Welland History .ca

Historic EVENTS in and around Welland

THE BLIZZARD OF SATURDAY

One of the Worst Wind Storms on Record Here

[People’s Press, 25 January 1910]

Welland, Jan. 24-Old timers whose whiskers are white with the years, and whose memories are ripe with experiences of early county days, of times when there was no Welland, but Merrittville, declare that they never knew of a storm with the severity of the one that swooped down on this town last Saturday.

Early in the day it came a gentle breeze, giving such fair promise of a good day, that a dozen farmers braved the slushy roads and came to market.

By noon it was a gale, and by one o’clock it had developed into a hurricane.

In this hurricane came snow, blinding in its intensity.

It is well that it was not cold, as they speak of cold in the far west, but it was a blizzard, the like of which has probably never passed this way before.

Business was paralyzed.

One could not see two feet away.

The blinding snow mercilessly filled the eyes of those who had to go out and many staggered like drunken men.

One young lady en route to the M.C.R. Station was blown over and had to take refuge in a neighboring house.

“Red” Jones who handles the ribbons for Mr. Minor, the buss-man, was lifted off his seat in the front of the buss, but hung to the ribbons.

At Fort Erie two cutters were overturned by the gale and the occupants injured.

Freight trains were stalled at the Falls, it being unsafe to send them across the bridge.

Business was suspended.

Several of the merchants did not return for the afternoon.

Some of the farmers who drove in early in the day, remained till Sunday morning, when they made their way home through drifts and bare spots.

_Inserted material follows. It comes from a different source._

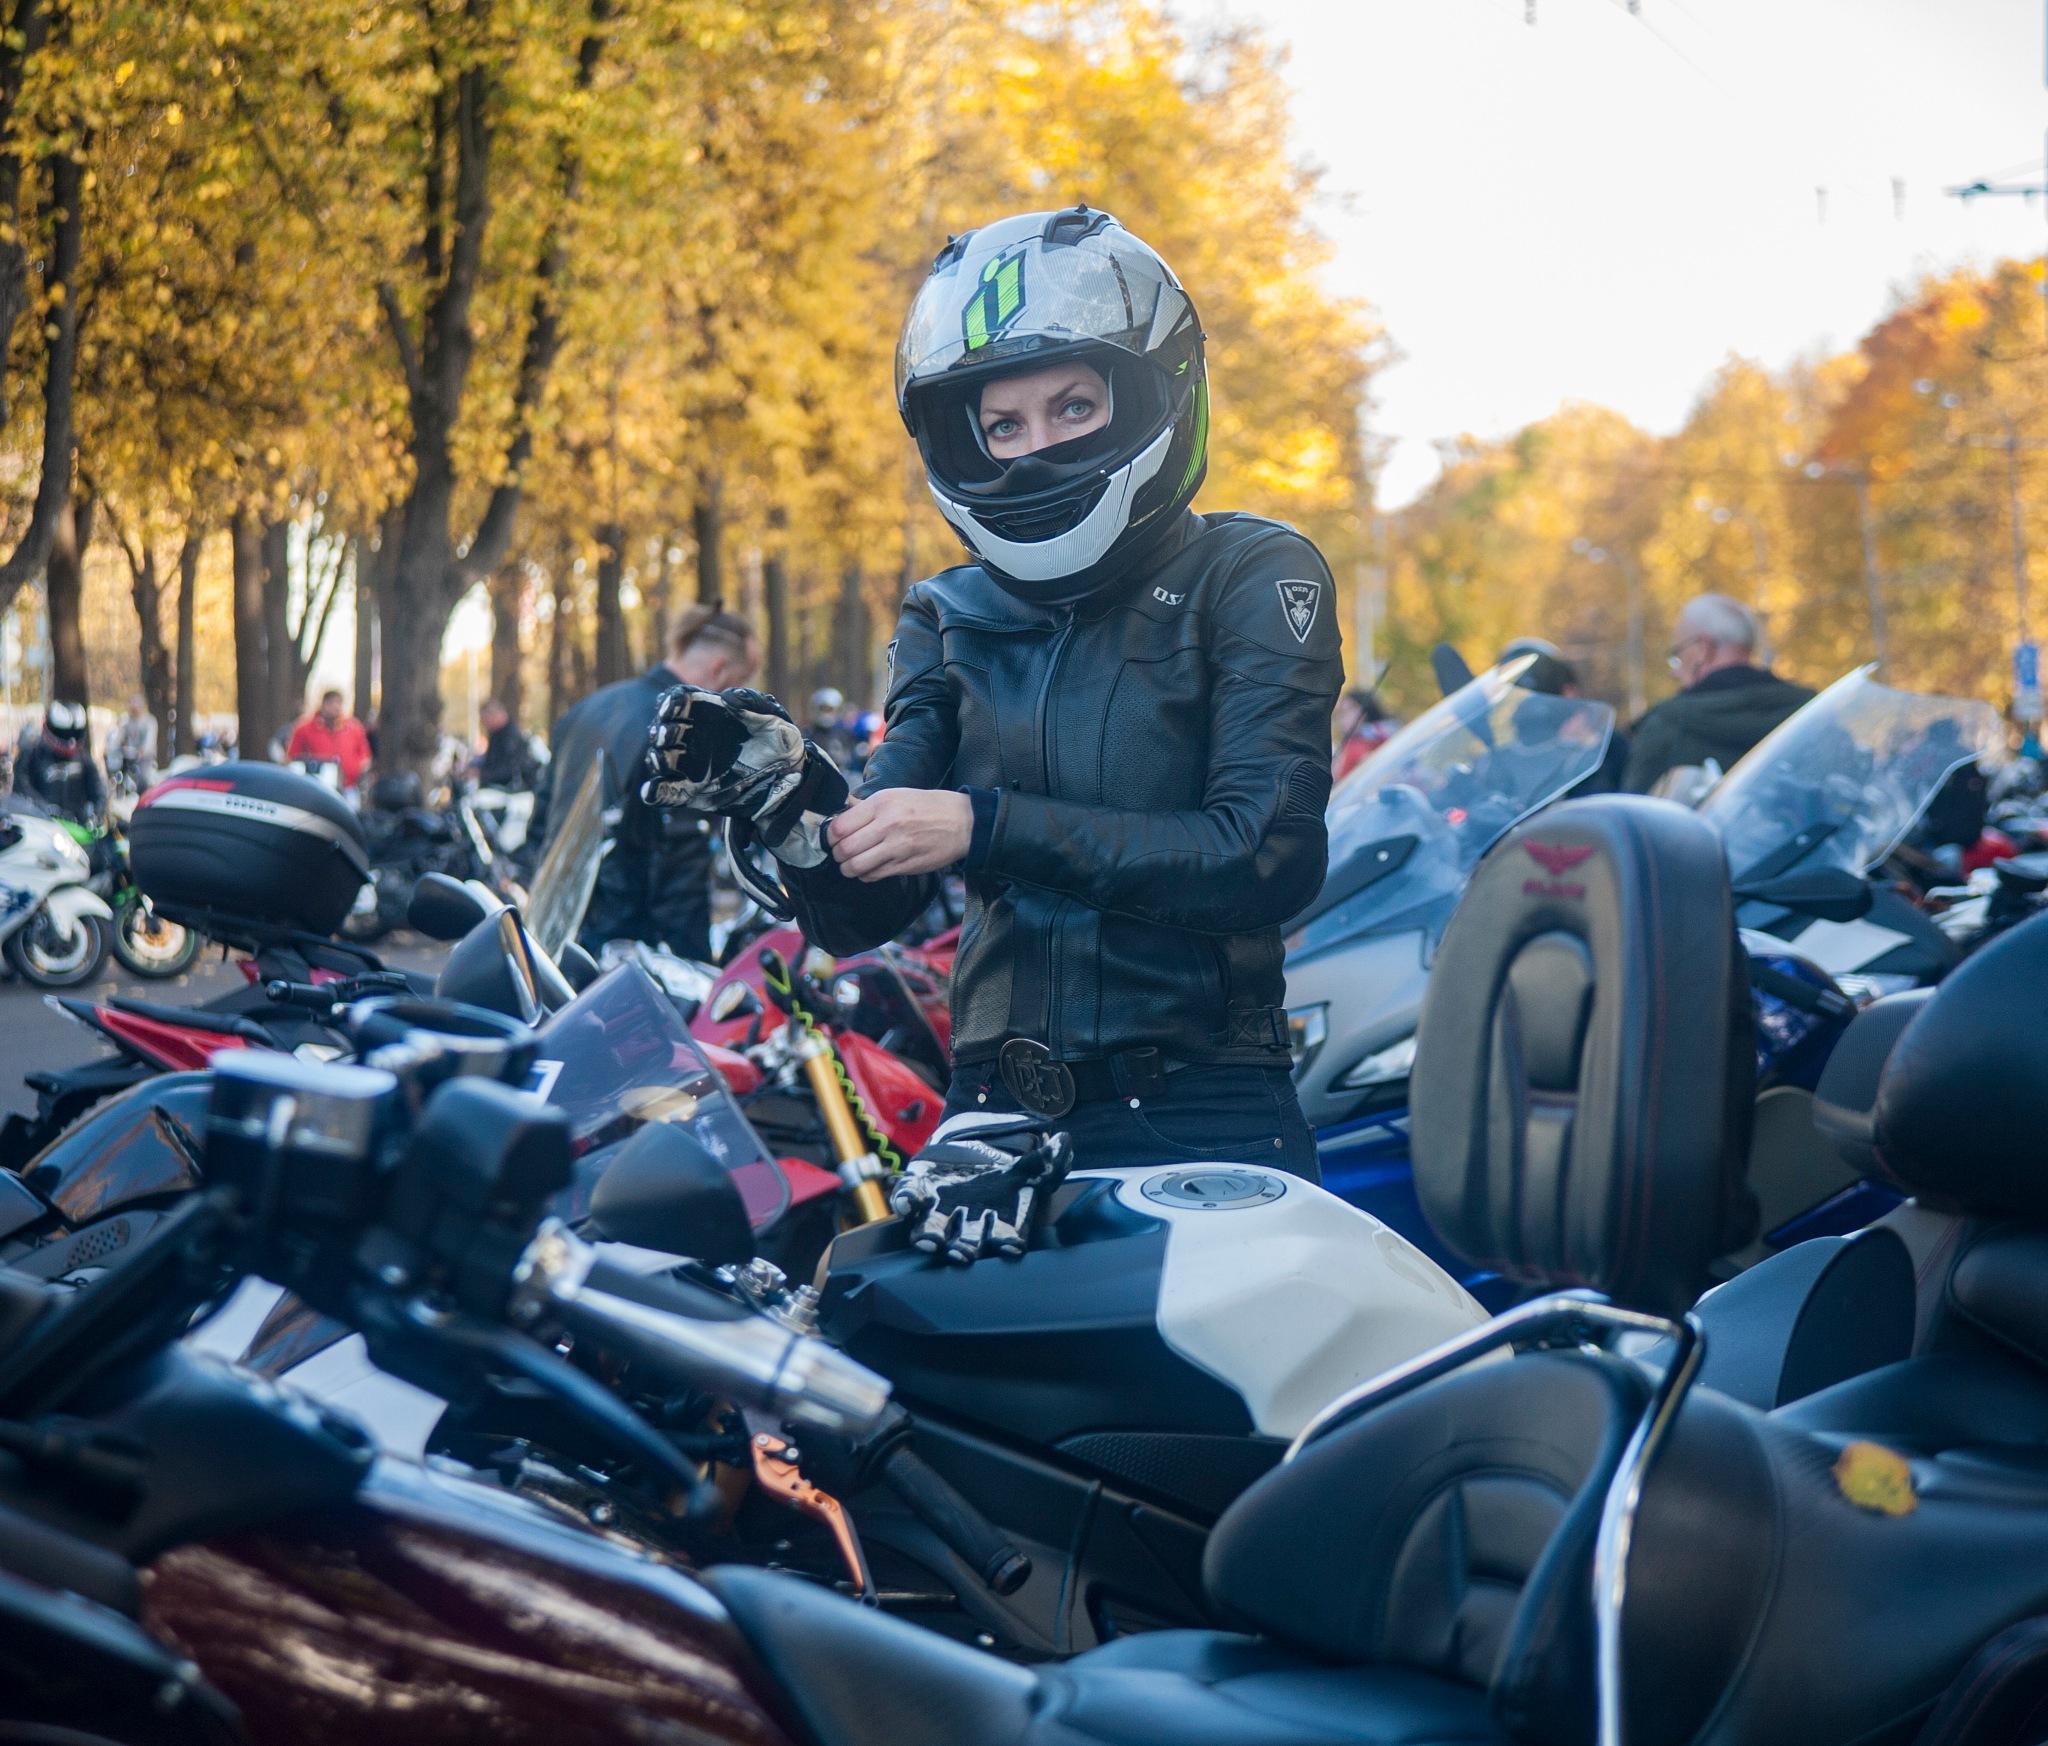 Motogirl in the autumn park by kalashnikov

Only five inches of snow fell.

It was not the depth, but the way it came down.

Places that were supposedly tight before, little chinks in windows, hitherto unnoticed cracks under doors, all wore white trimmings inside.

The snow drifted everywhere.

It was most artistic in its designs, and miserably partial.

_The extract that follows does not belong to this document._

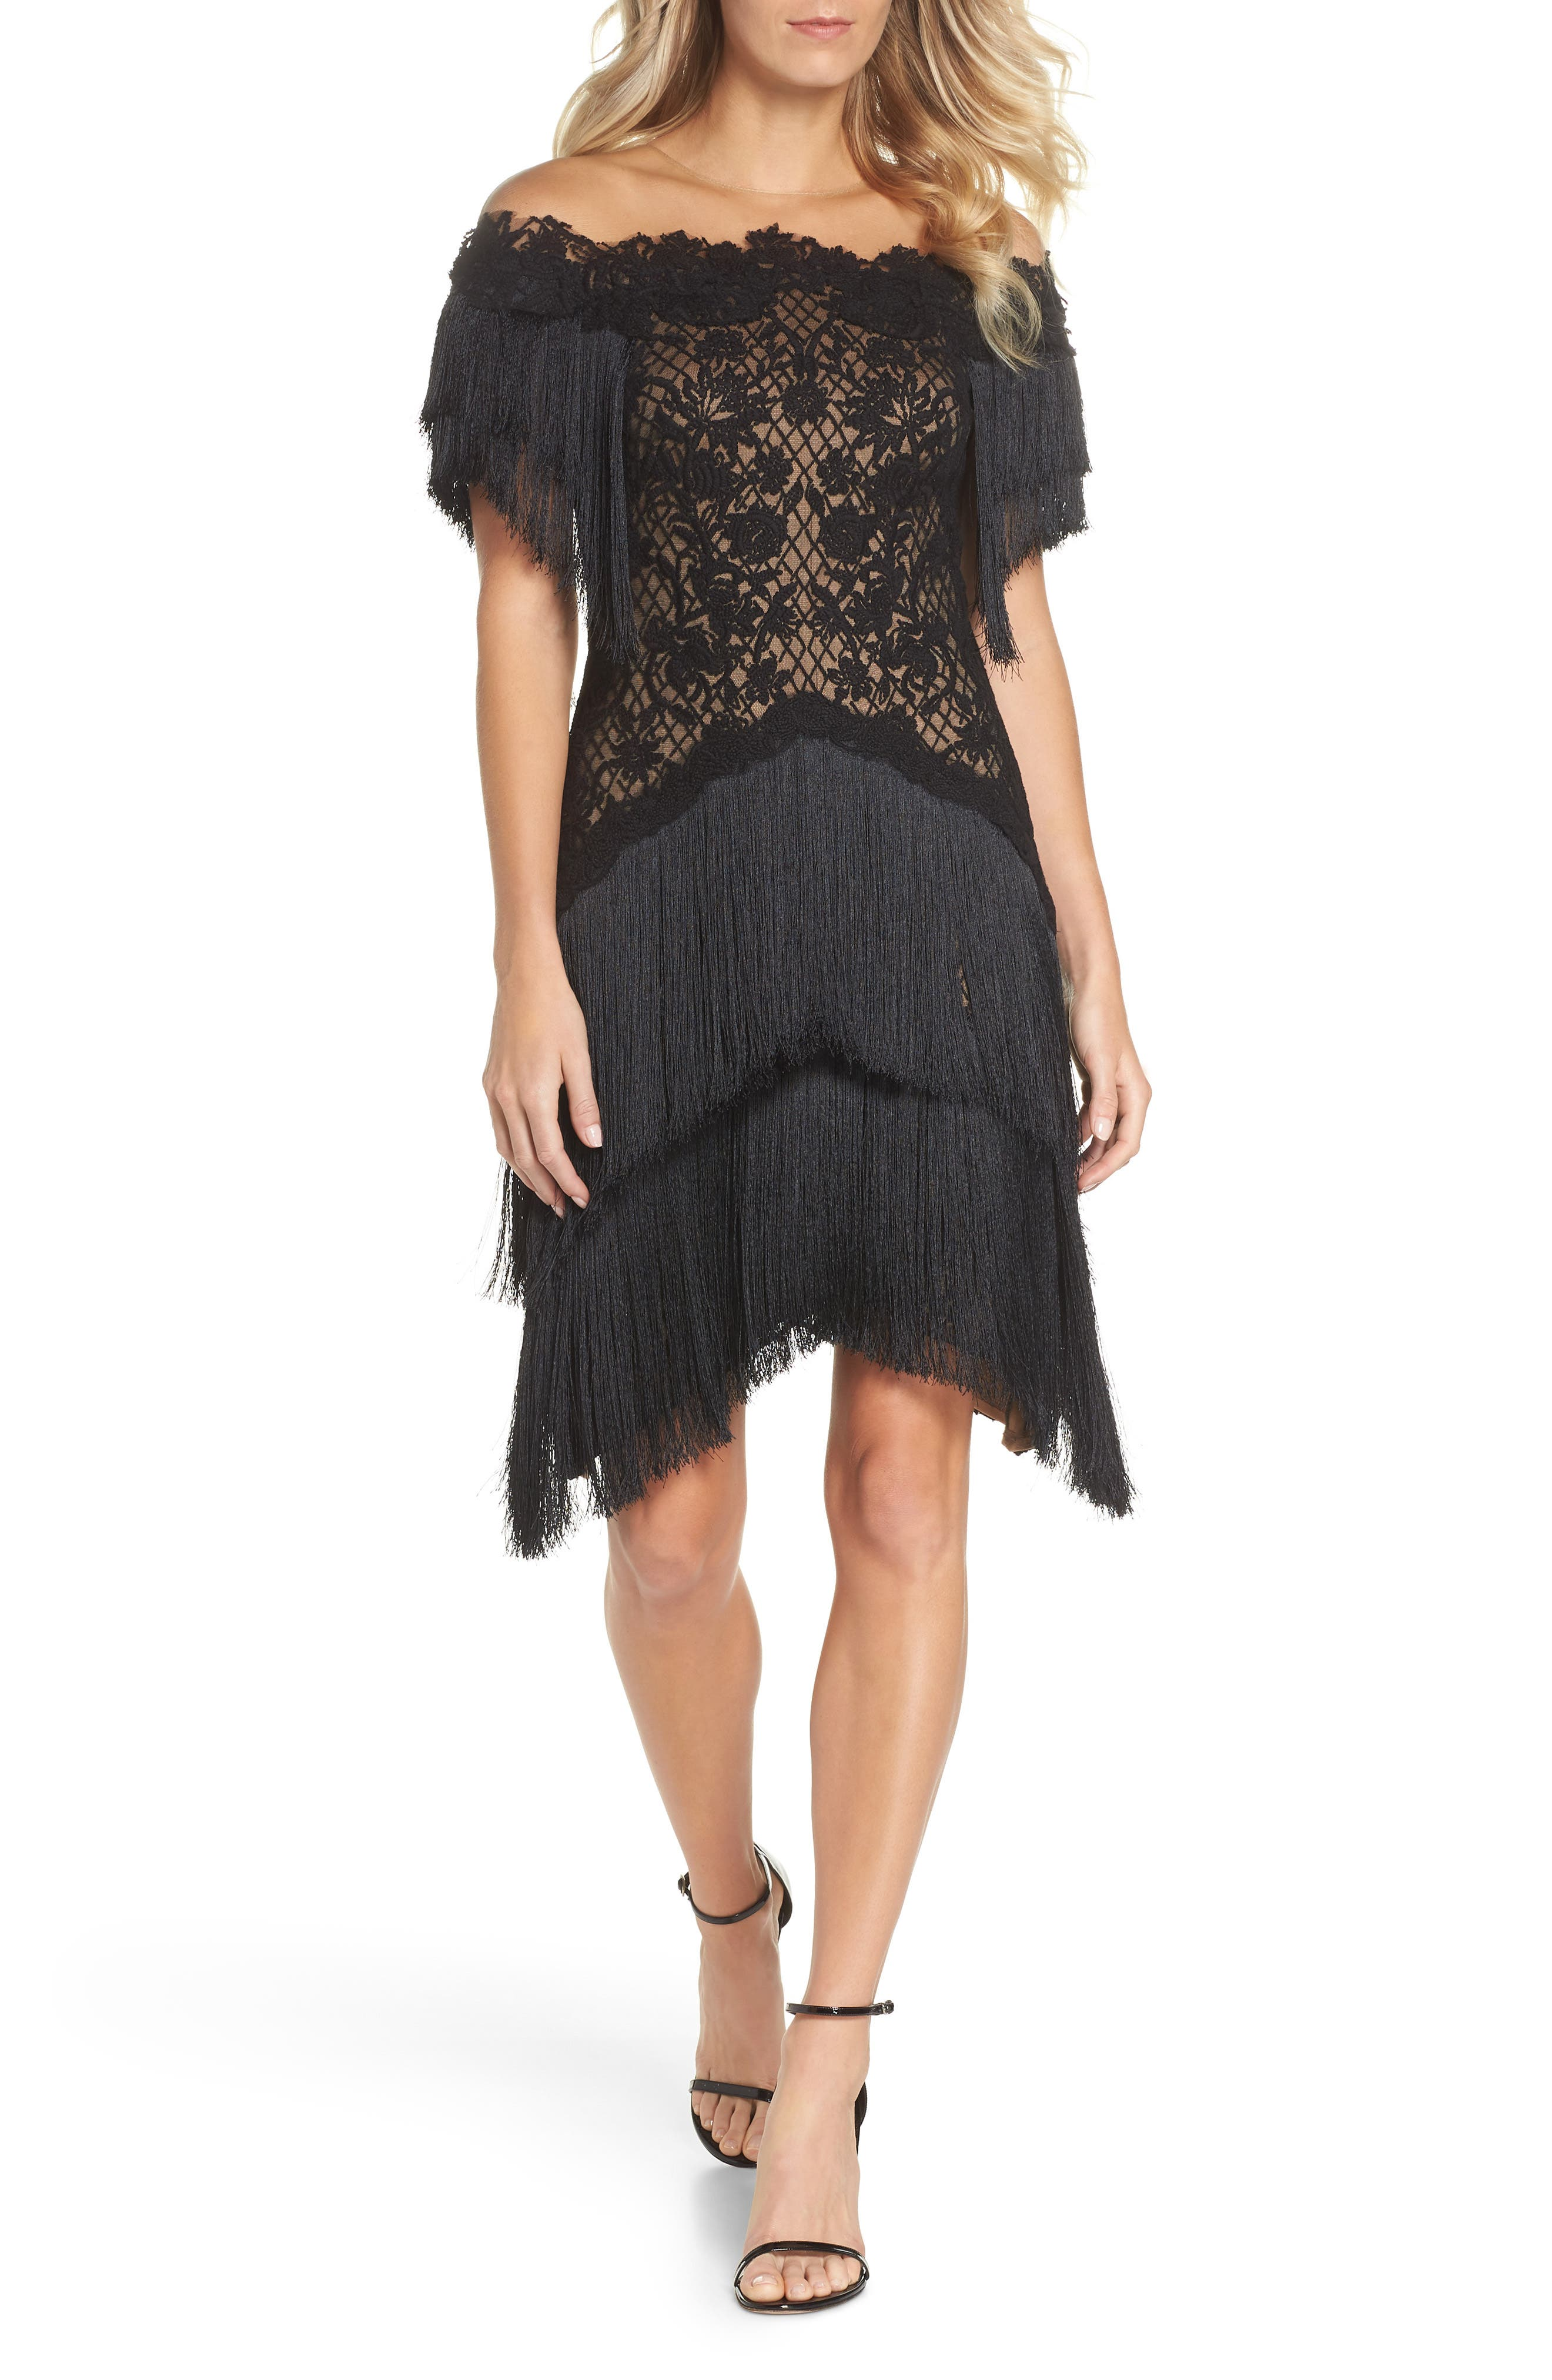 Off the Shoulder Fringe & Embroidered Mesh Dress,                             Main thumbnail 1, color,                             BLACK/ NUDE

One man had his walks swept by great nature’s brush, swept as clear as a board.

The man next door had a drift three feet high to clear away.

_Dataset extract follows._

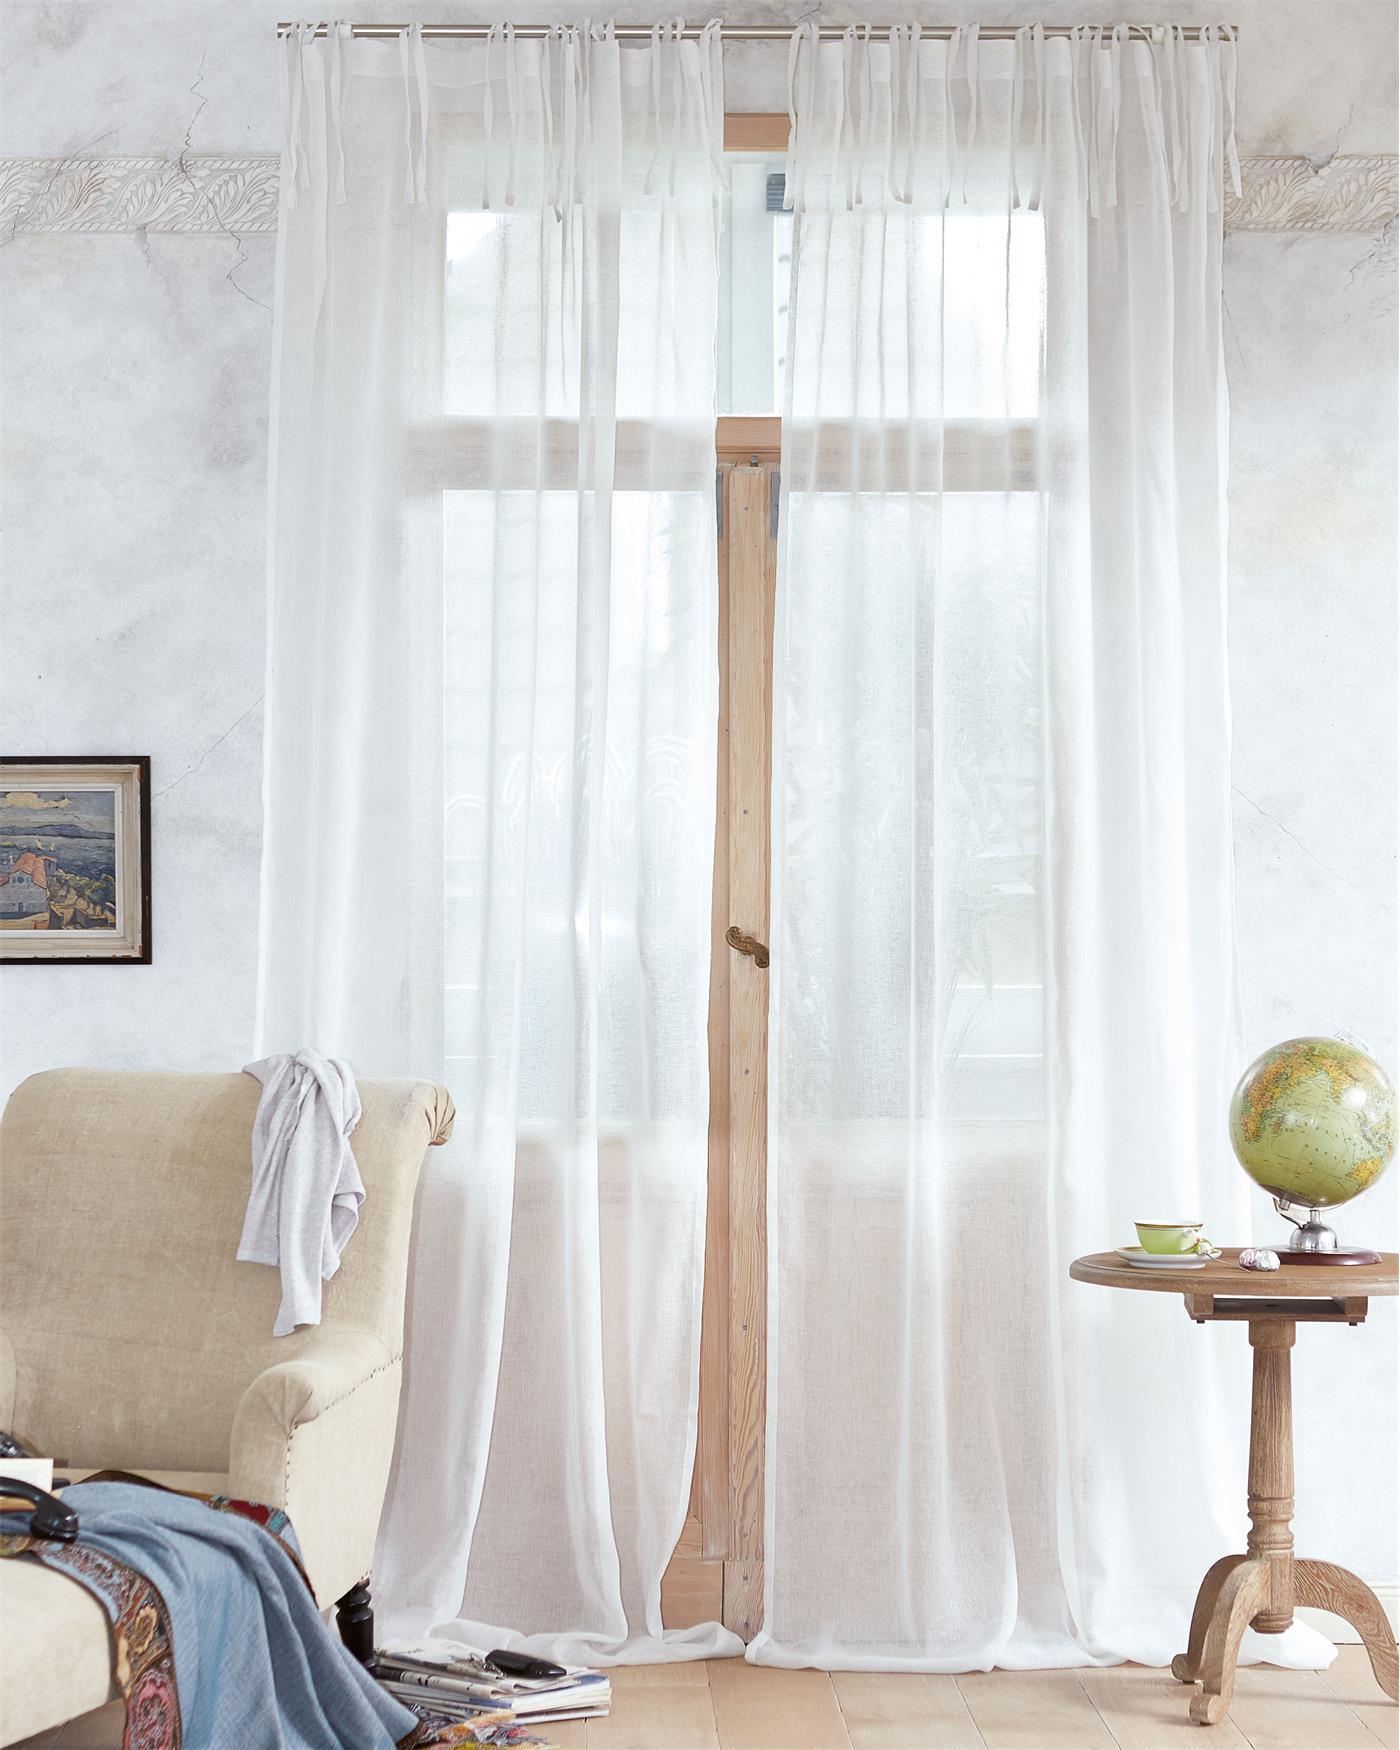 leinen gardinen transparent hcvc. Black Bedroom Furniture Sets. Home Design Ideas

The wind had a fine sweep at the corner of Muir and Main streets.

And on Sunday the public awoke and those who ventured out found a long drift of pure white on this busy thoroughfare.

During the storm there were many collisions.

Some of them were head-on between men and those of the opposite sex.

There was not time to stop to apologize. Those who collided simply cleared the snow from their eyes and hurried on.

And Sunday the snow fell fitfully, and that which had piled up melted from the windows and Welland woke up and commenced to dig itself out.